_EXERCISE REQUIREMENTS_
Below is a listing; transcribe it exactly but without any images.
(DATASET EXCERPT Opens)
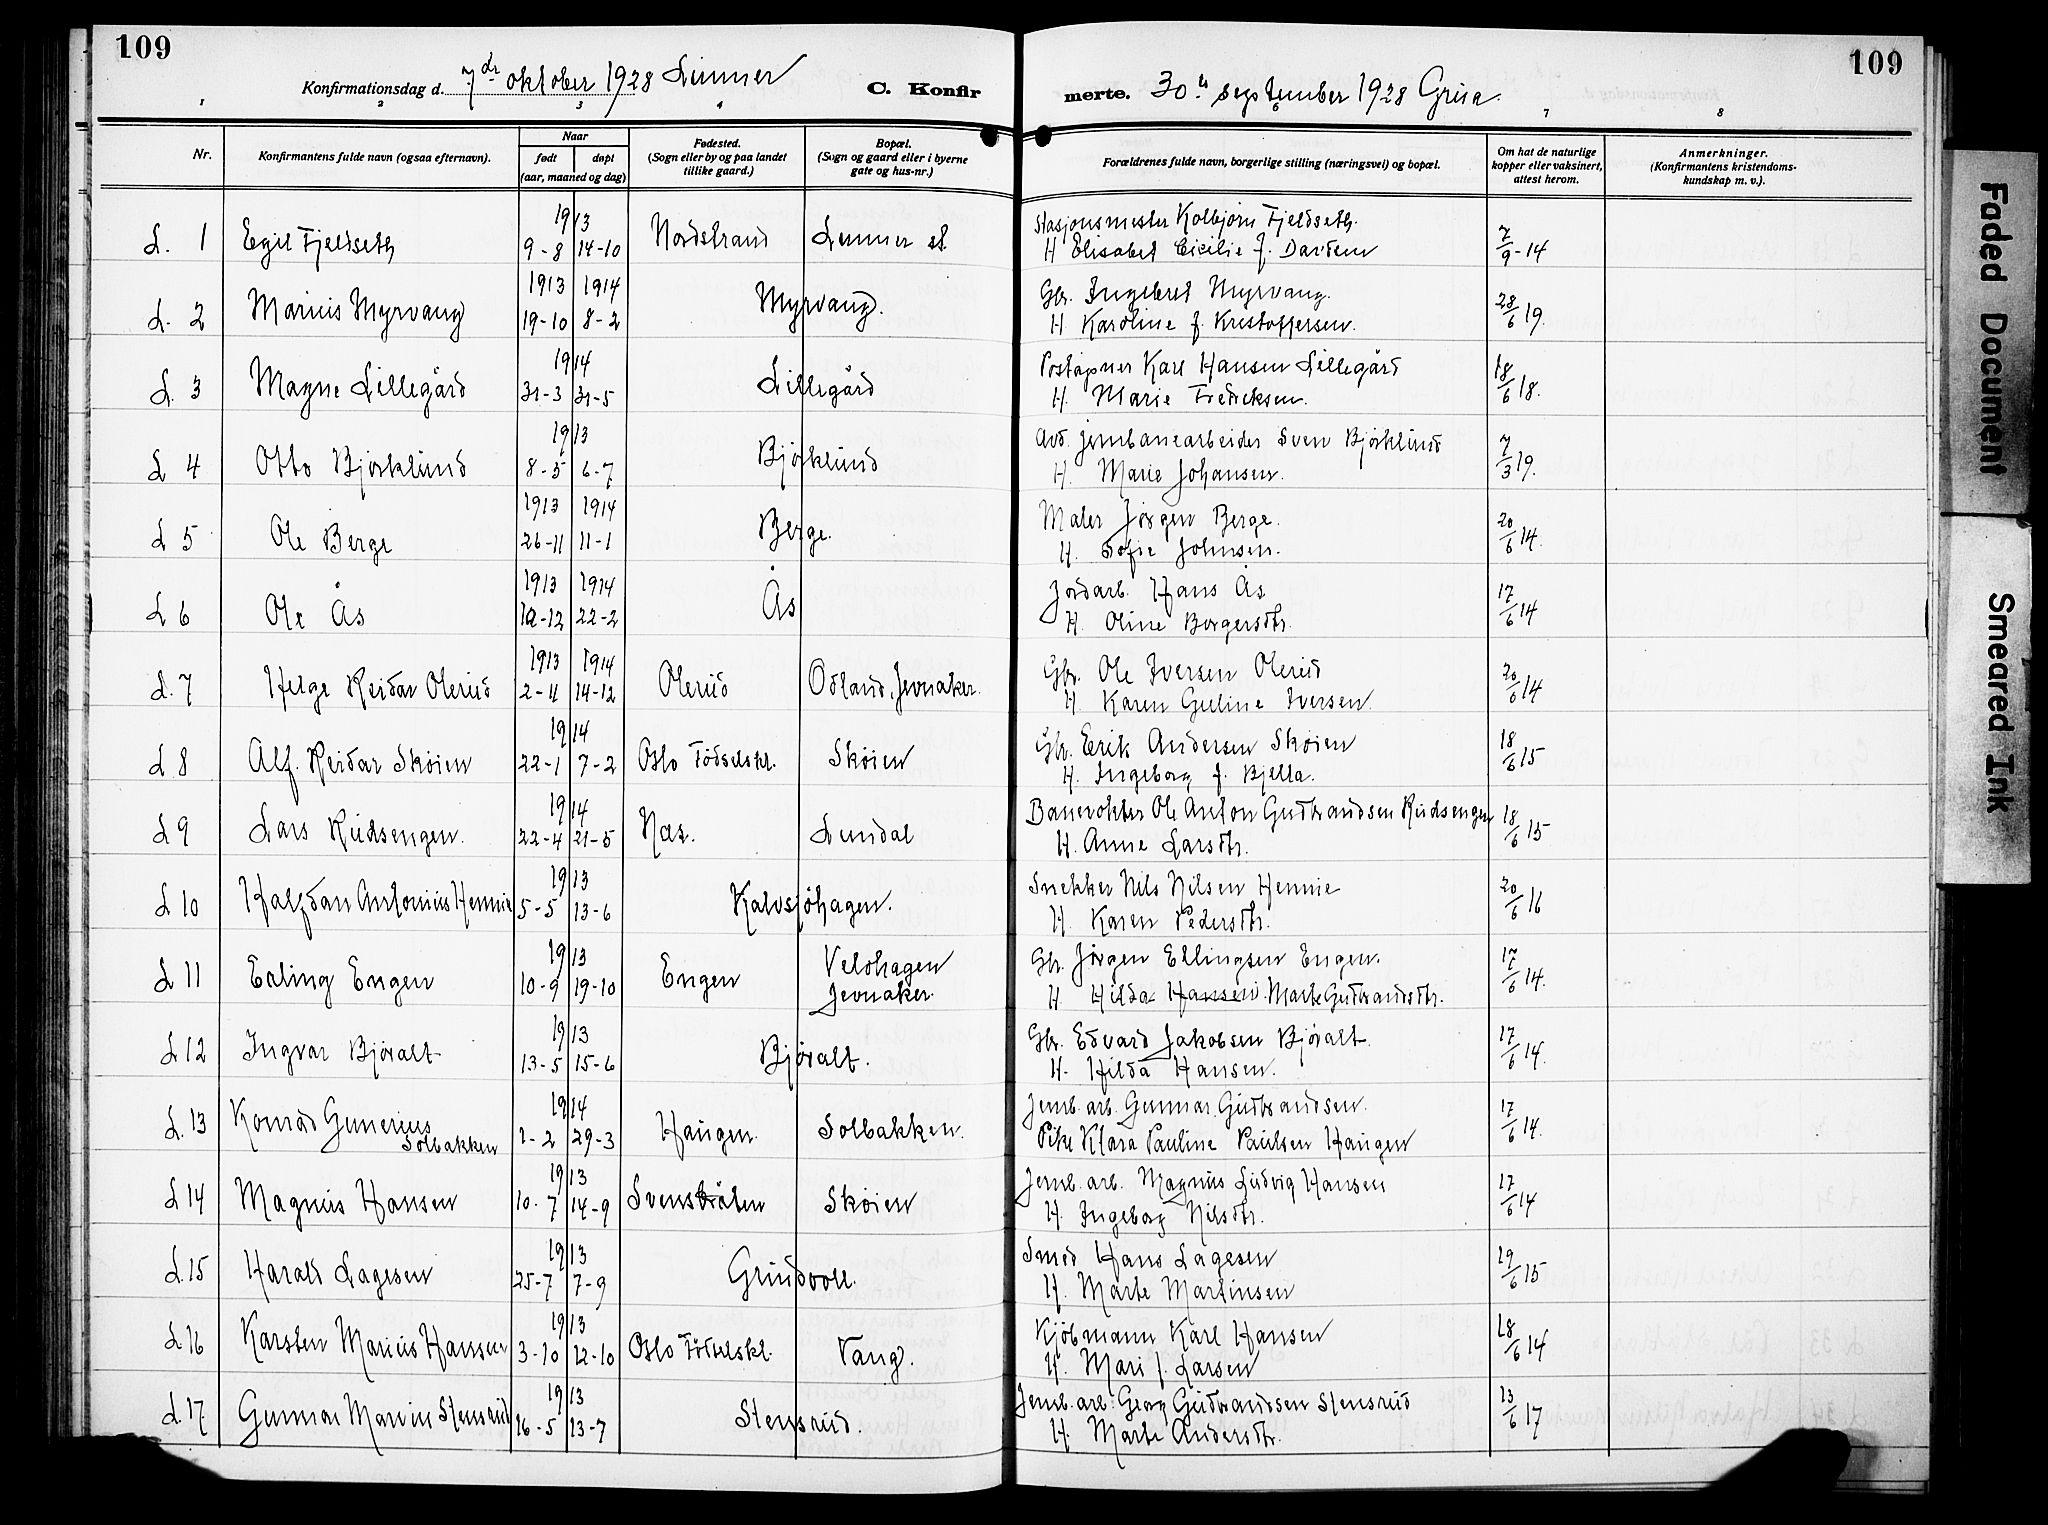 SAH, Lunner prestekontor, H/Ha/Hab/L0002: Klokkerbok nr. 2, 1923-1933, s. 109
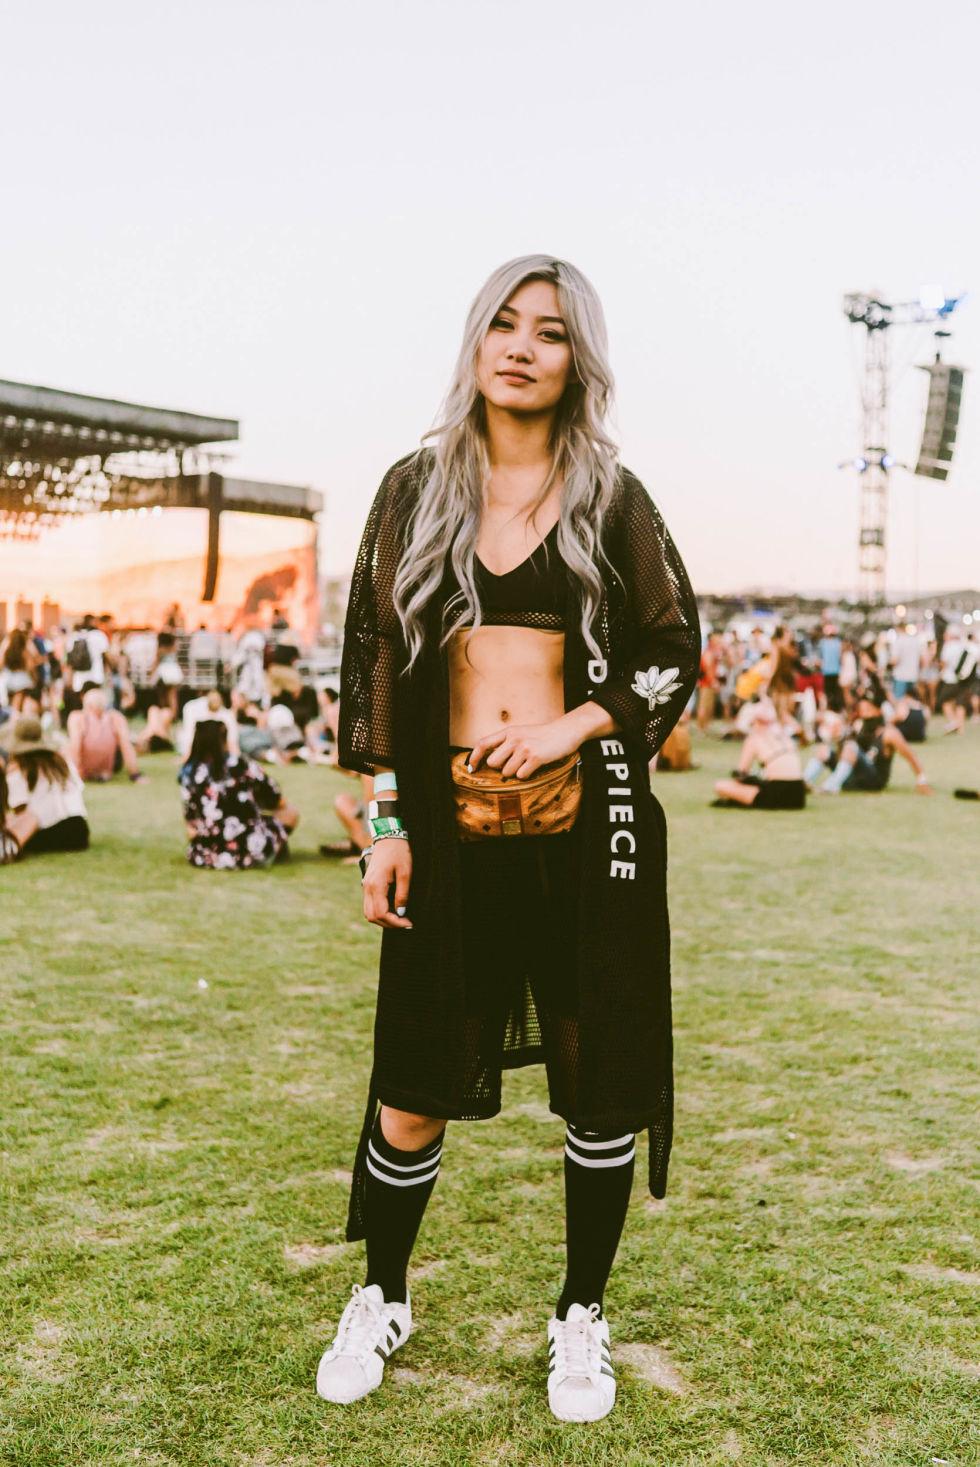 Street Style Coachella 2015 Music Festivals Fashion Trendsetters Itgirls Front Row Blog 0036 2016
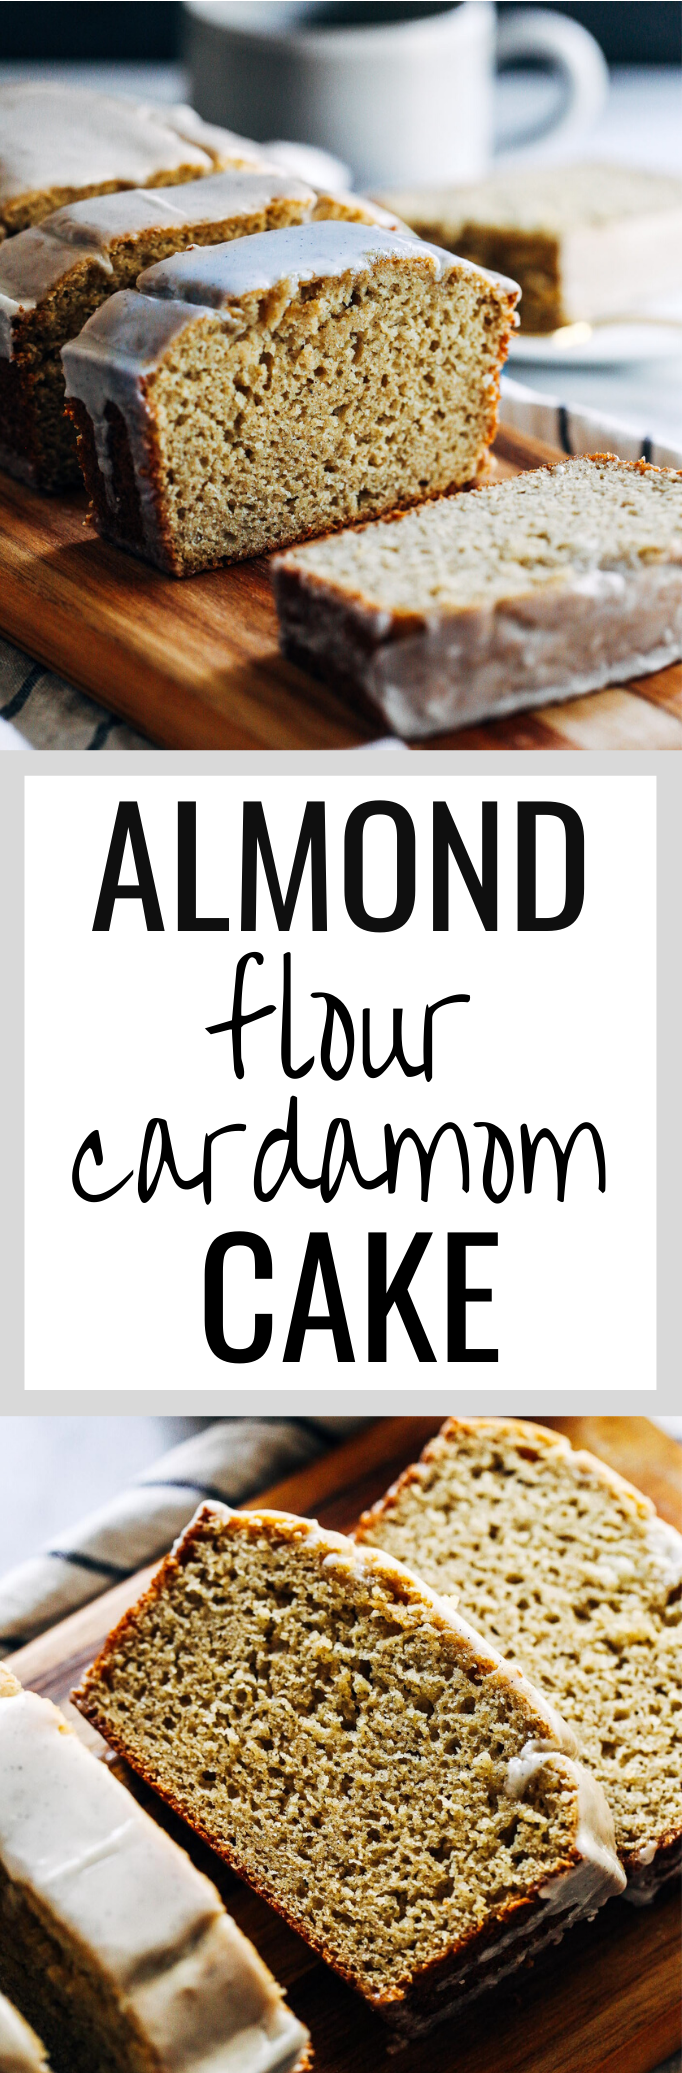 Almond Flour Cardamom Cake with Vanilla Bean Icing
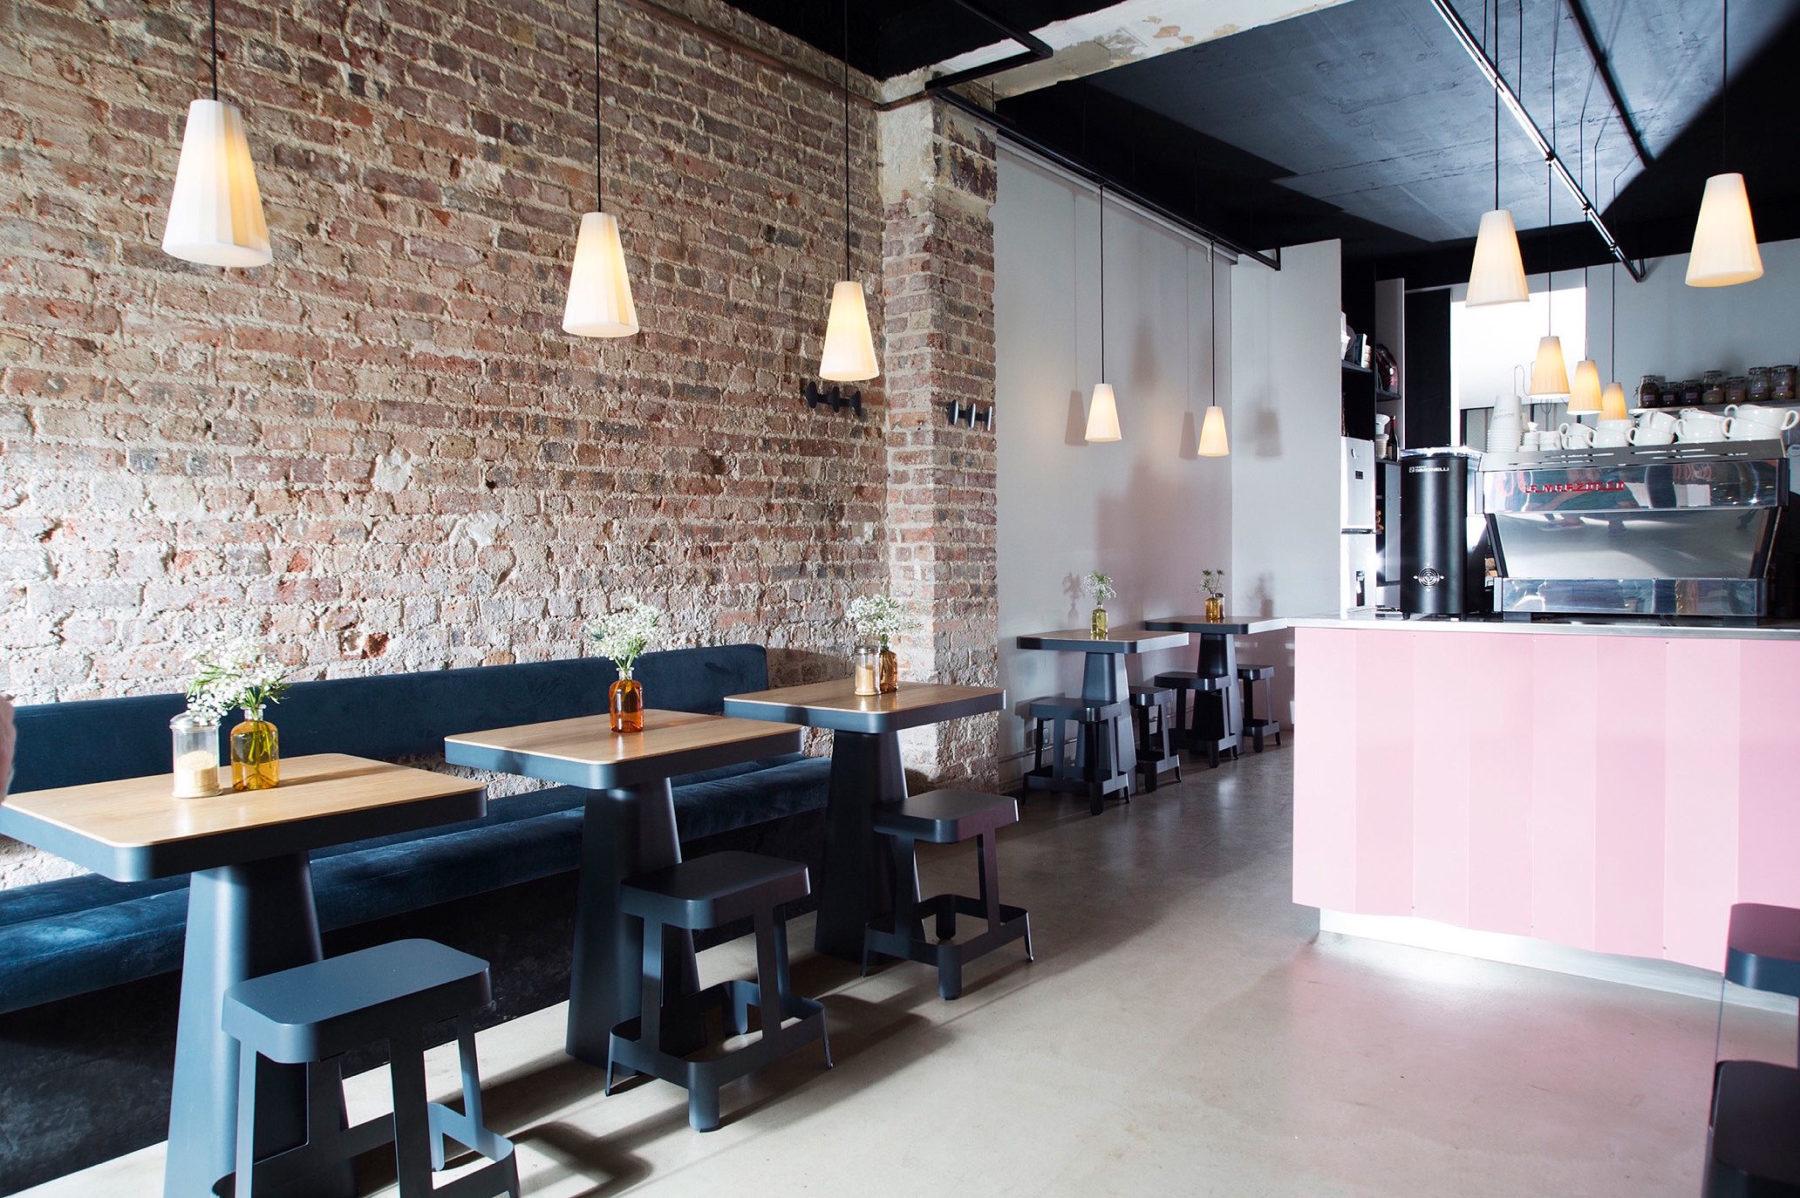 Table et Tabouret PILE - Luminaire KAOLIN - MIGNON Café - KATABA.fr - bold-design.fr
(DATASET EXCERPT Closes)
_RESPONSE TO THE TASK_
 SAH, Lunner prestekontor, H/Ha/Hab/L0002: Klokkerbok nr. 2, 1923-1933, s. 109
 Street Style Coachella 2015 Music Festivals Fashion Trendsetters Itgirls Front Row Blog 0036 2016
 Almond Flour Cardamom Cake with Vanilla Bean Icing
 Table et Tabouret PILE - Luminaire KAOLIN - MIGNON Café - KATABA.fr - bold-design.fr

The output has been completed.